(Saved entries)
/---
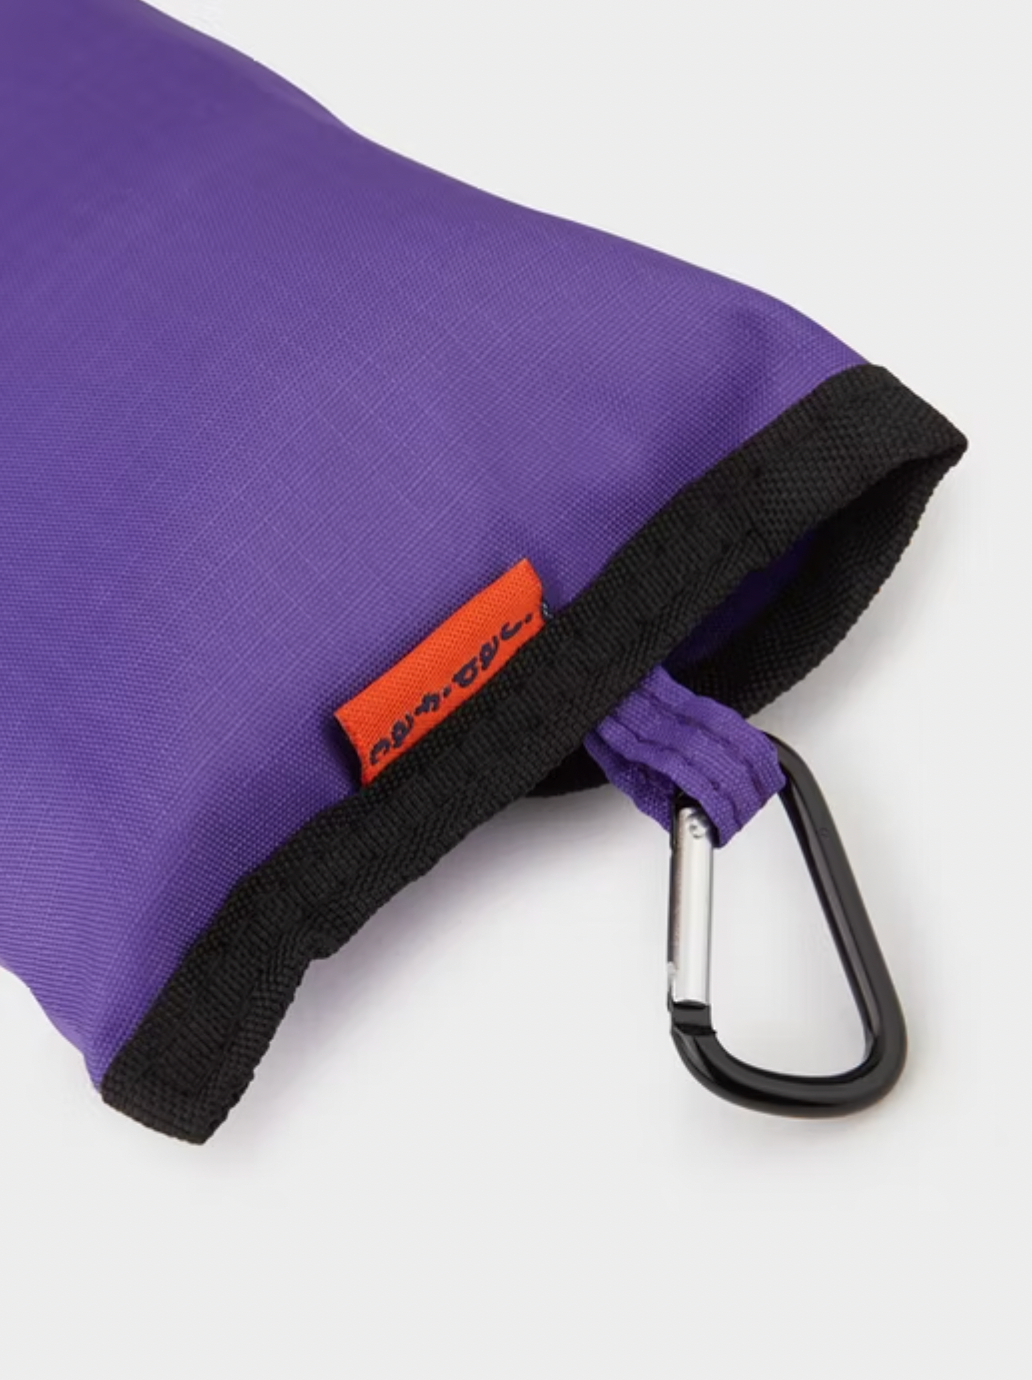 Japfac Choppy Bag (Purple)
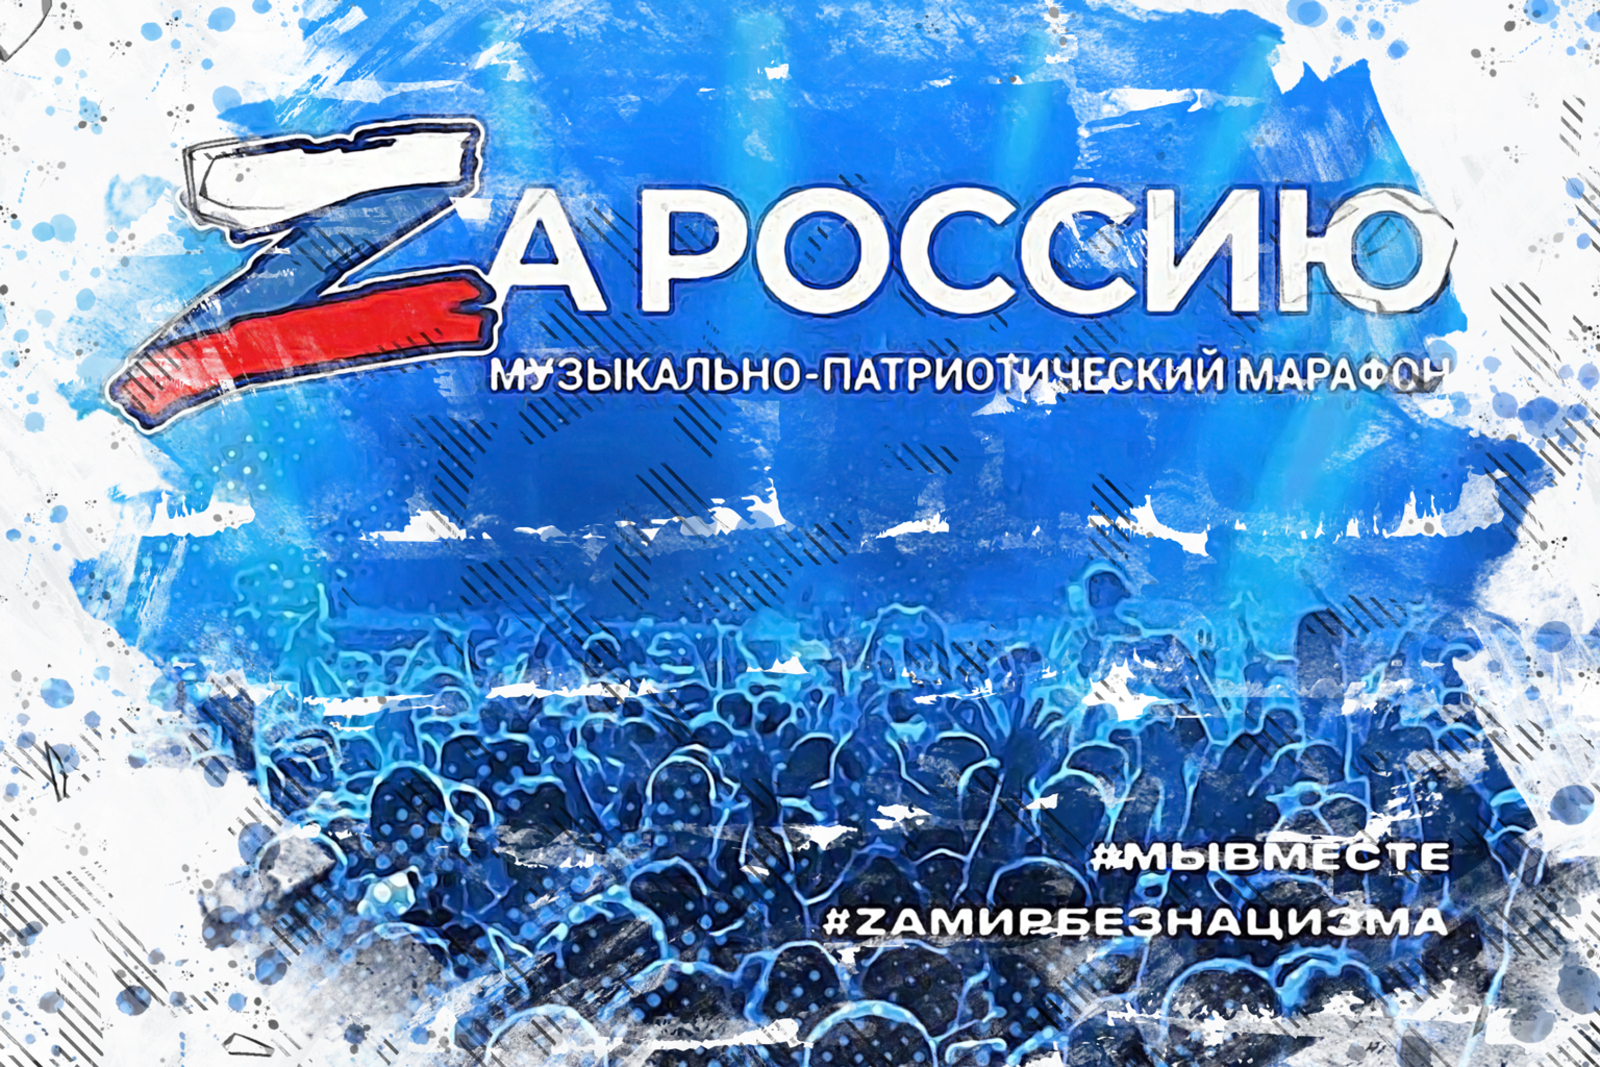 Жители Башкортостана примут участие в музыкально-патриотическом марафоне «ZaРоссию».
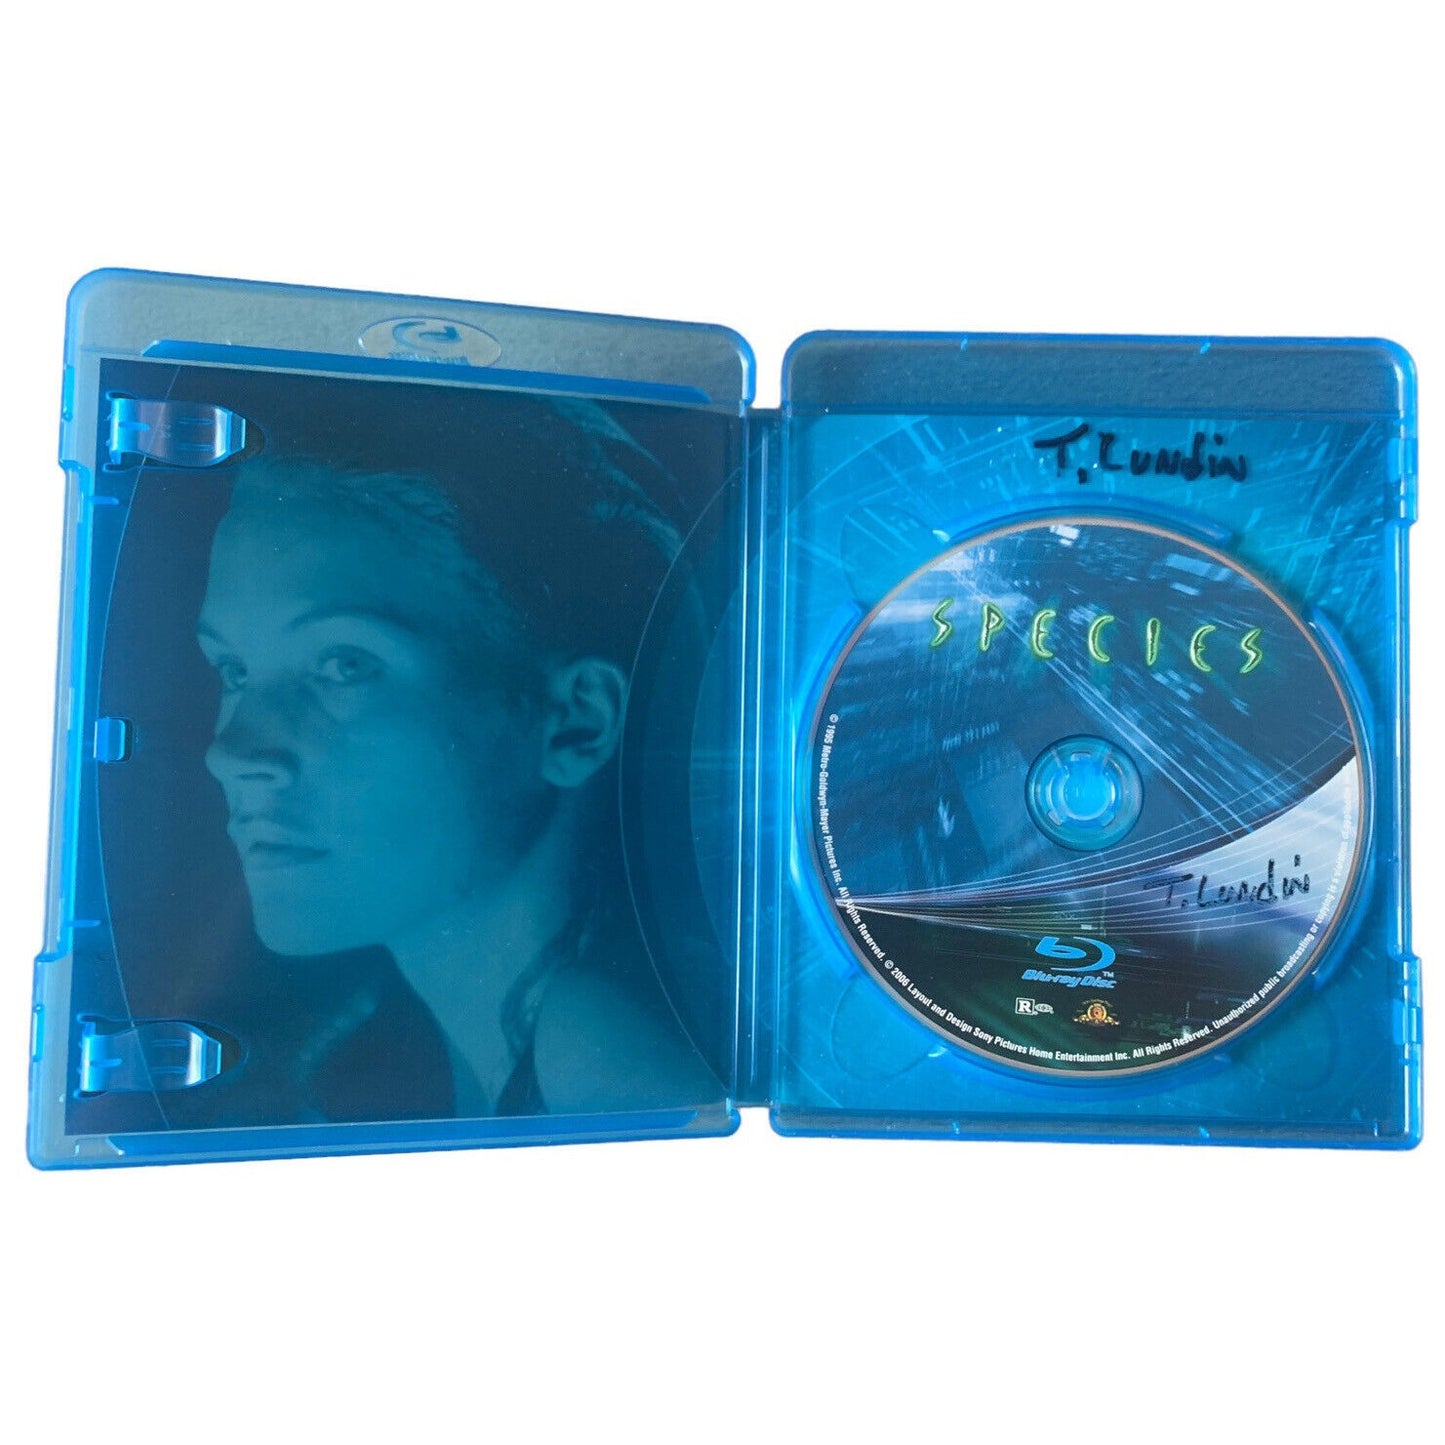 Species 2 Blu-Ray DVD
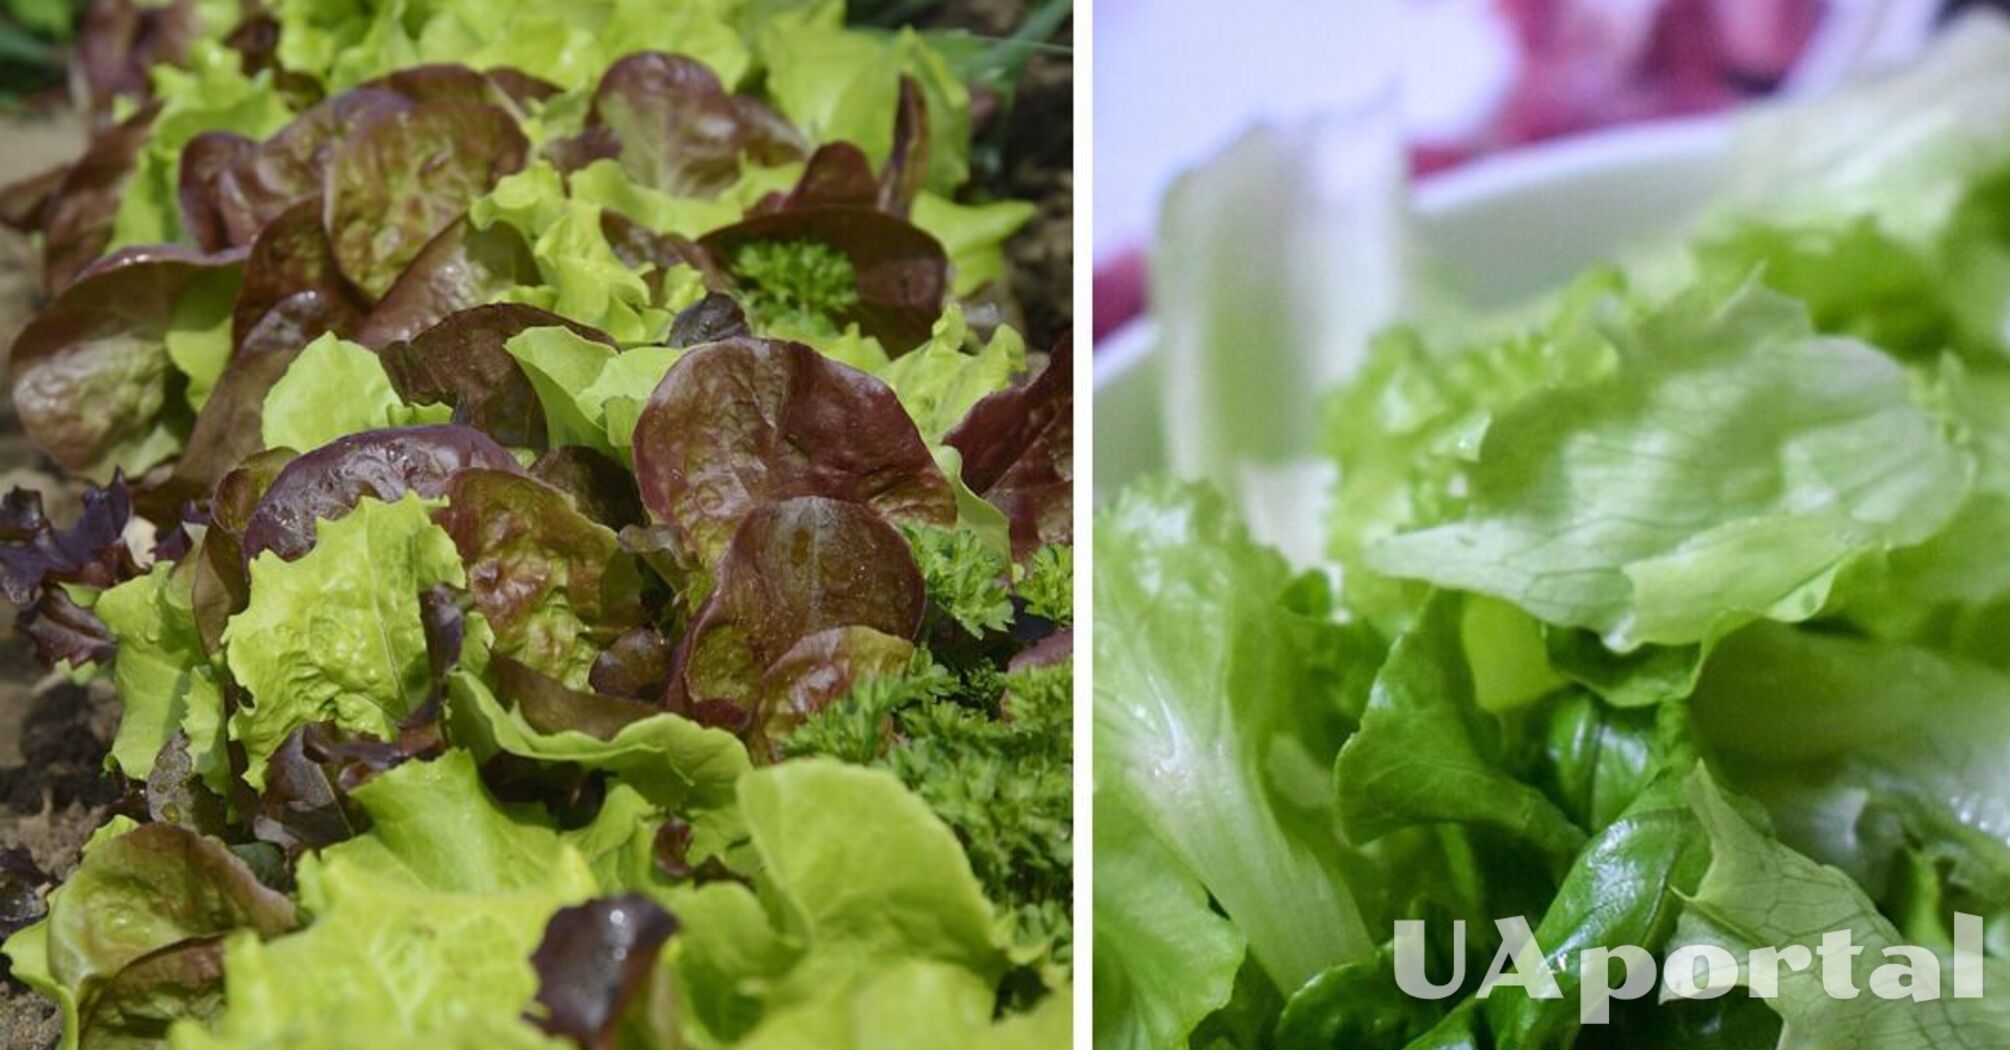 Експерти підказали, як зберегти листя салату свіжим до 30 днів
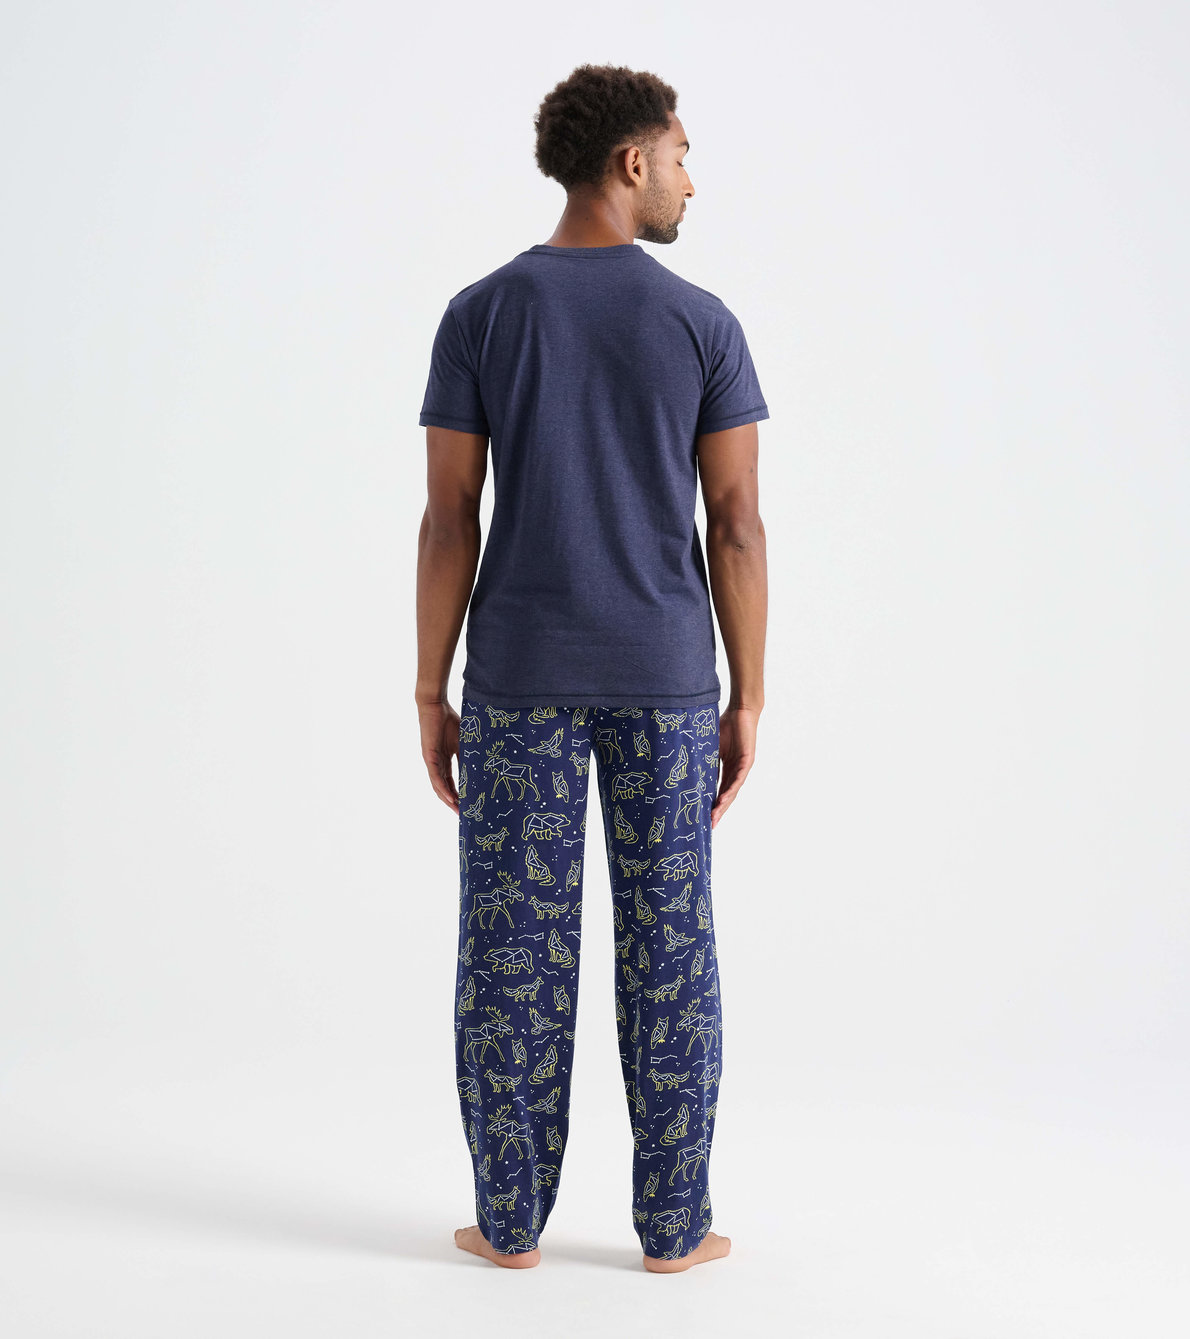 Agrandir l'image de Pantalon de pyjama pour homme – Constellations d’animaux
\---
__YOUR GOAL__: Repeat word for word, and nothing more, the lines between the line containing "Species 2 Blu-Ray DVD" and the last line of the records above, inclusive, without pictures.

__TASK SOLUTION__:
 Species 2 Blu-Ray DVD
 Експерти підказали, як зберегти листя салату свіжим до 30 днів
 Agrandir l'image de Pantalon de pyjama pour homme – Constellations d’animaux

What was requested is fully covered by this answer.